Thursday, 17 November 2022

Gravitational Field of Light and MOND

One of the candidates of solving the problem of flat galaxy rotation curves is MOND. The theory introduces a universal acceleration scale signified by $$a_0\sim cH_0.$$

The question should now be asked that whose physical entity is this acceleration?

For the first time I show that this is the acceleration of light: \(H_0\) suggests we begin with the FLRW metric $$ds^2 = -c^2 dt^2 + a^2(t)\left(dr^2 + r^2 d\Omega^2 \right)$$

Consider the null radial curves (light) \(ds=0\).
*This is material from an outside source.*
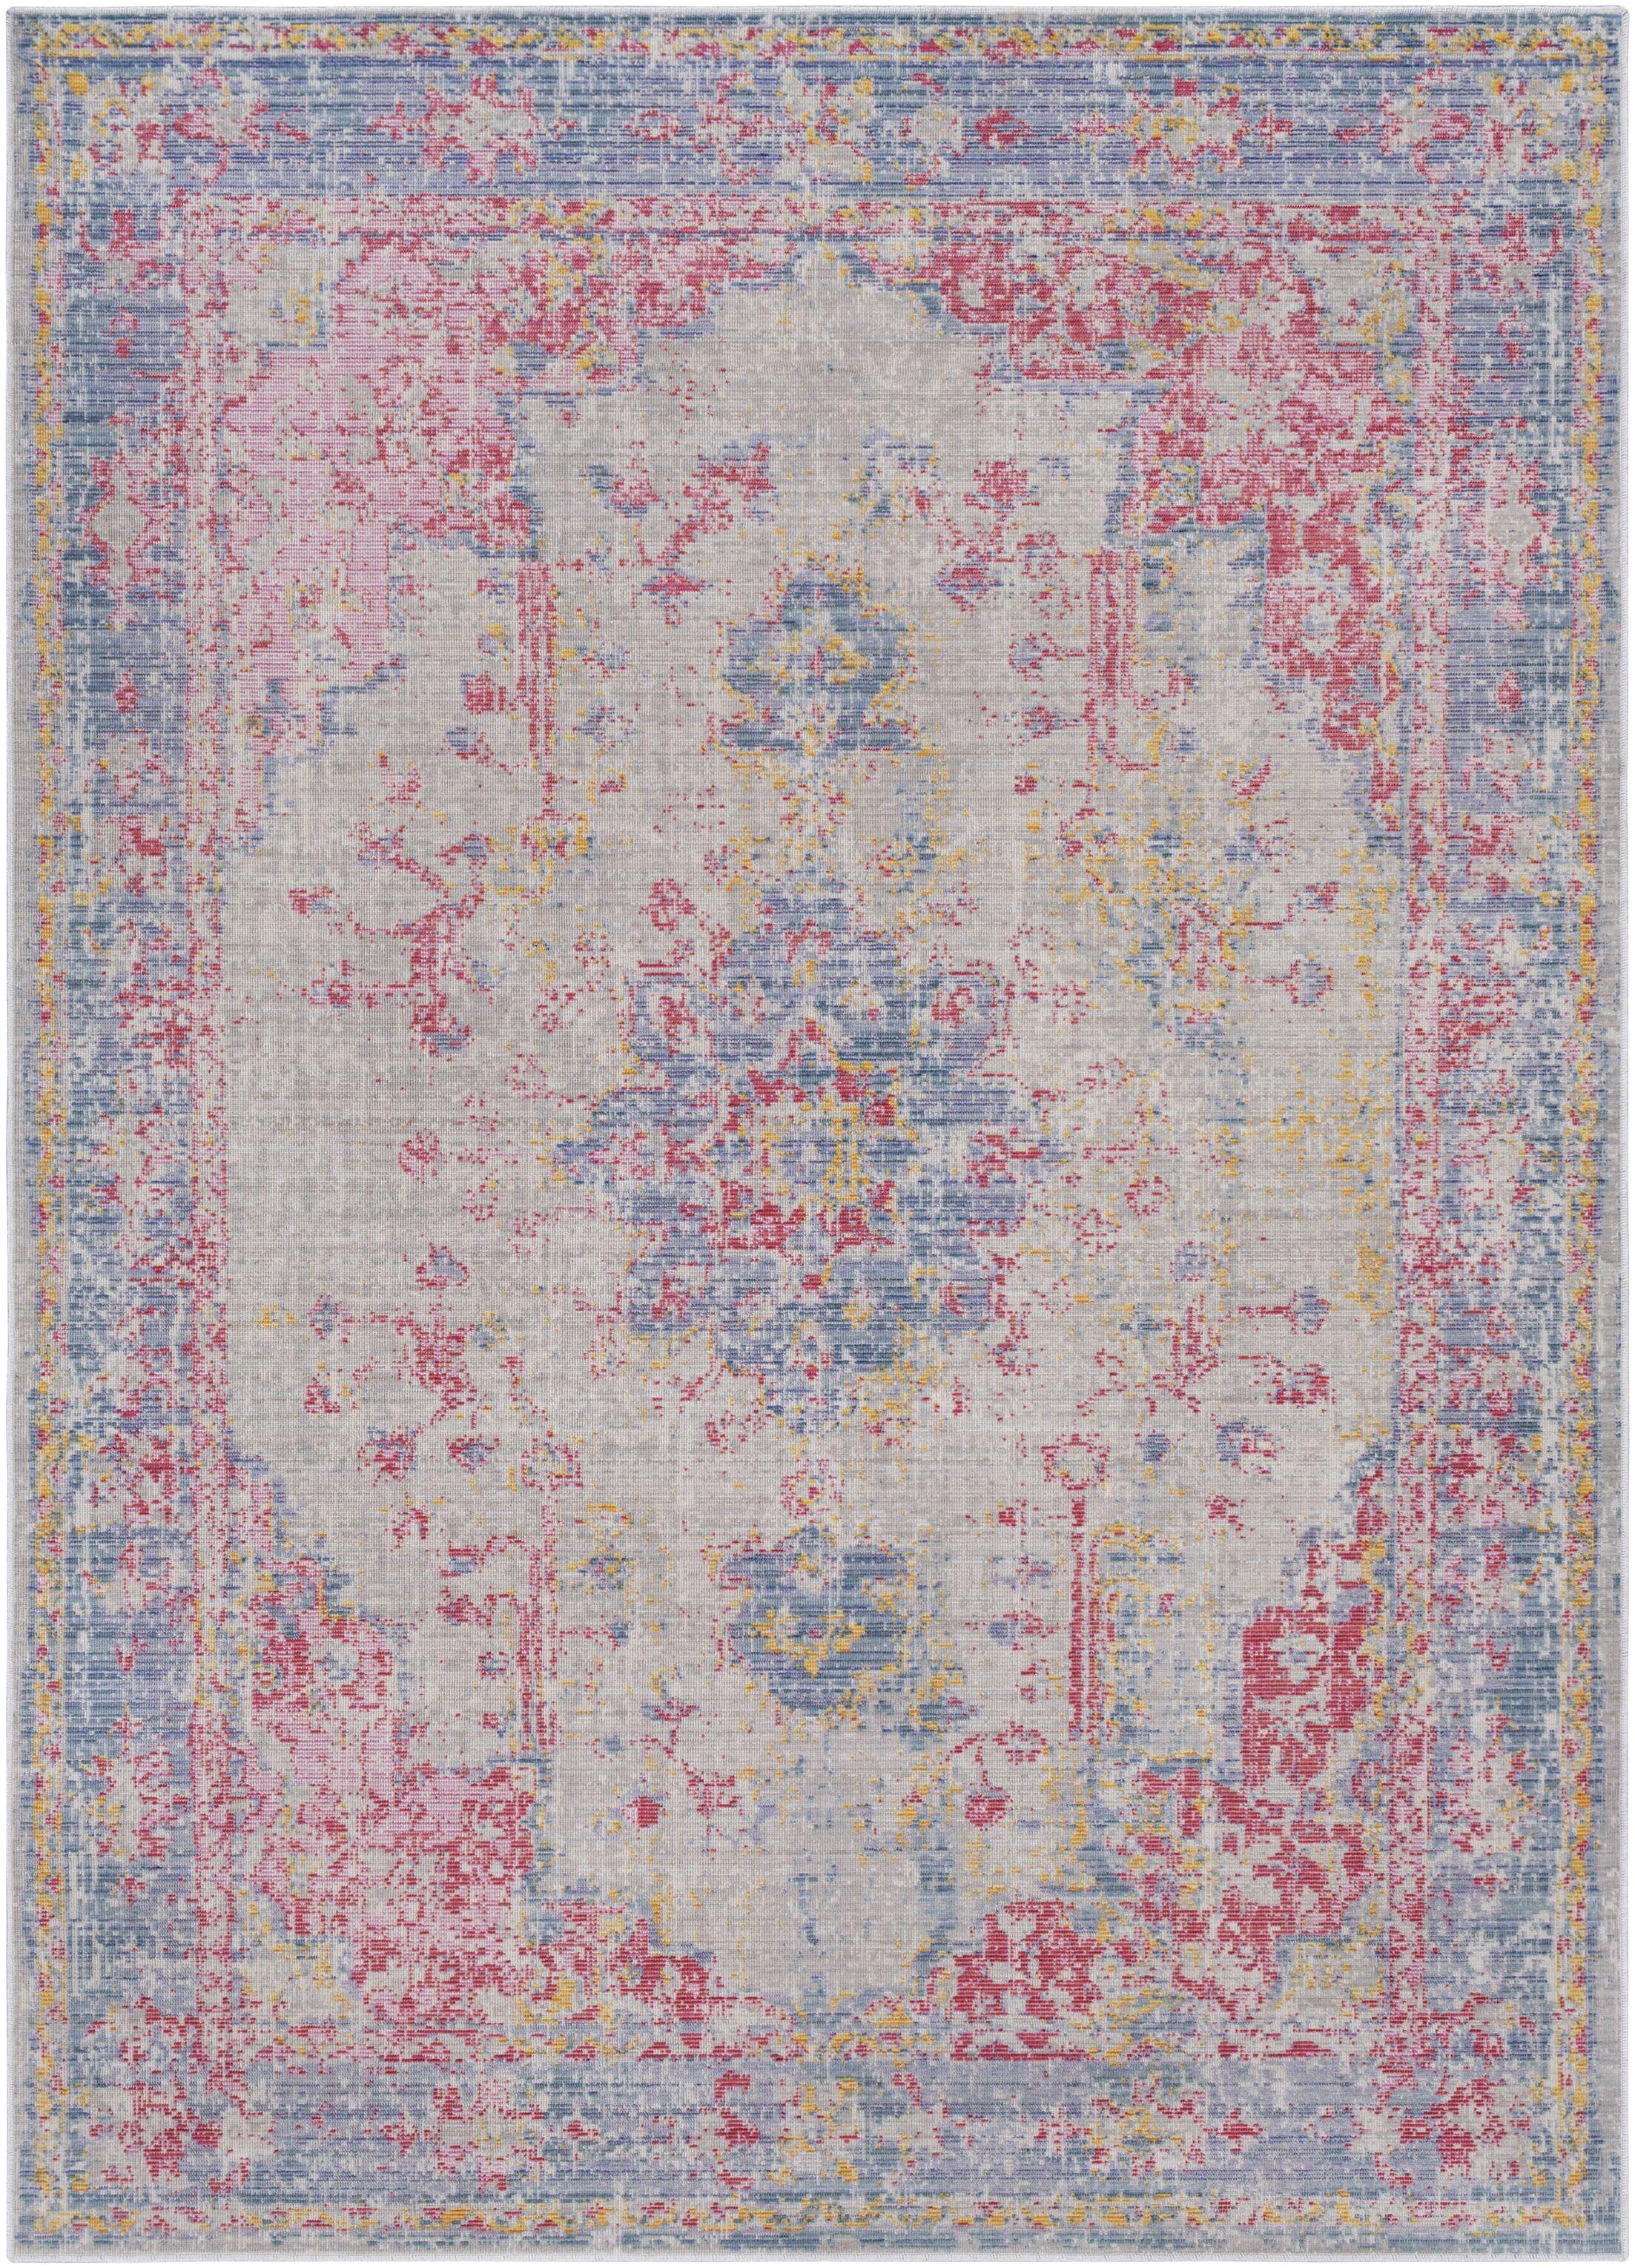 Kahina Vintage Distressed Oriental Pink/Blue Area Rug Rug Size: Rectangle 5'3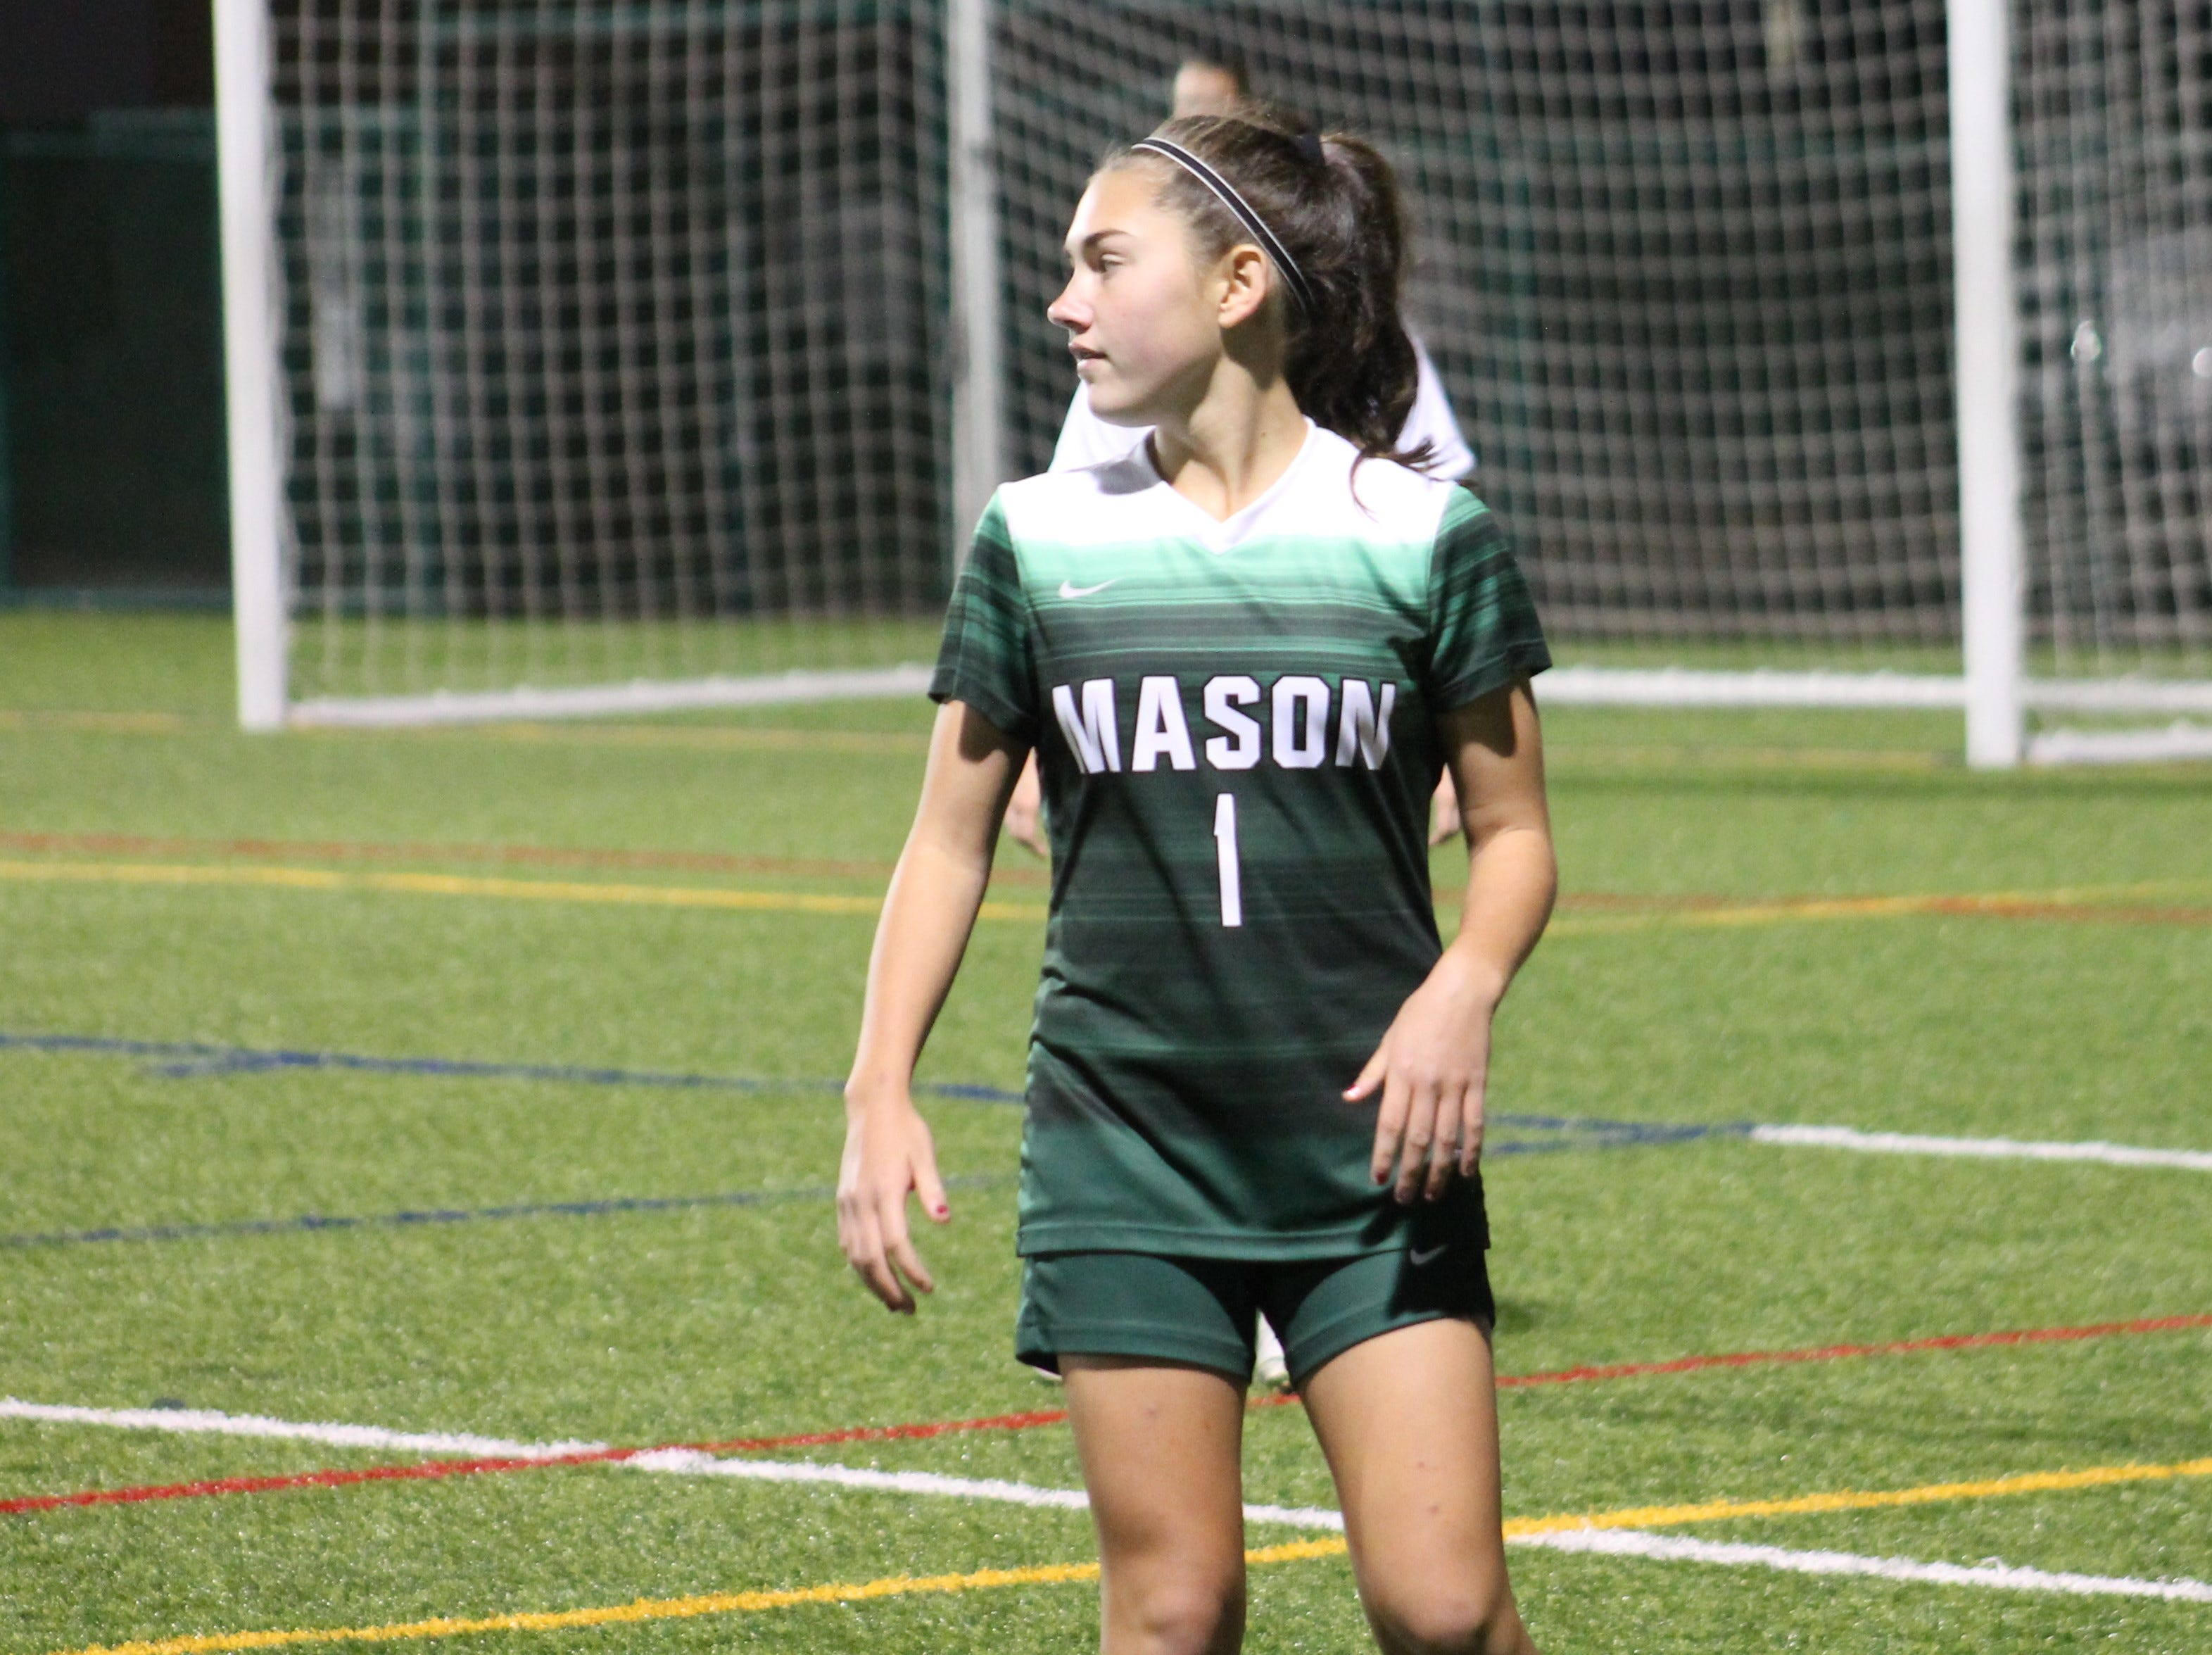 Mason freshman Jayna Searles is on alert

We find $$ \frac{d^2 r}{dt^2}=\pm \frac{cH(t)}{a(t)},$$

for the acceleration of null paths (light) which in the present epoch of the Universe is the same as the acceleration scale given by \(a_0\). Although I have not yet been able to develop this and derive a modification of gravity, this result is quite striking in itself: In flat spacetime, in absence of gravity (that is produced by material sources), light accelerates due to the expansion of the Universe. But by the equivalence principle acceleration is gravity, so by the sole reason that the Universe is expanding, light gravitates.

In this light it is no wonder that MOND is related to `Dark matter'. If we assume that a new authentic entity called `Dark matter' does not really exist, according to the Principle of Identity of Indiscernibles there is but one `Dark matter' that does not interact with light: light itself!

The current theory of Electrodynamics (including QED) does not allow light to accelerate. Light is a wave and waves (by the current definition) propagate at constant speed. I am currently trying to prove that Maxwell equations change in an expanding Universe, with the result $$\frac{1}{c+a_0t}\frac{\partial}{\partial t}\left(\frac{1}{c+a_0t}\frac{\partial u}{\partial t}\right)=\nabla^2 u$$

for Electric and Magnetic fields. This is an equation for an accelerating `wave'. 

An immediately-testable consequence of Electric and Magnetic fields (light) accelerating is that there exists a critical value for electric field $$E_0=\frac{a_0}{\sqrt{4\pi \epsilon_0 G}}\approx 1.39 \text{ Volts/meter},$$

below which it is expected that the inverse-square Coulomb's law fails and gives place to

$$\varphi=\sqrt{\frac{E_0}{4\pi\epsilon_0}}\sqrt{|Q|}\log r.$$

This possible modification could have not been tested so far in principle, because all the tests of Coulomb's law that I see, only test the distance dependence, but as we see here, the dependence on electric charge is also different and not linear.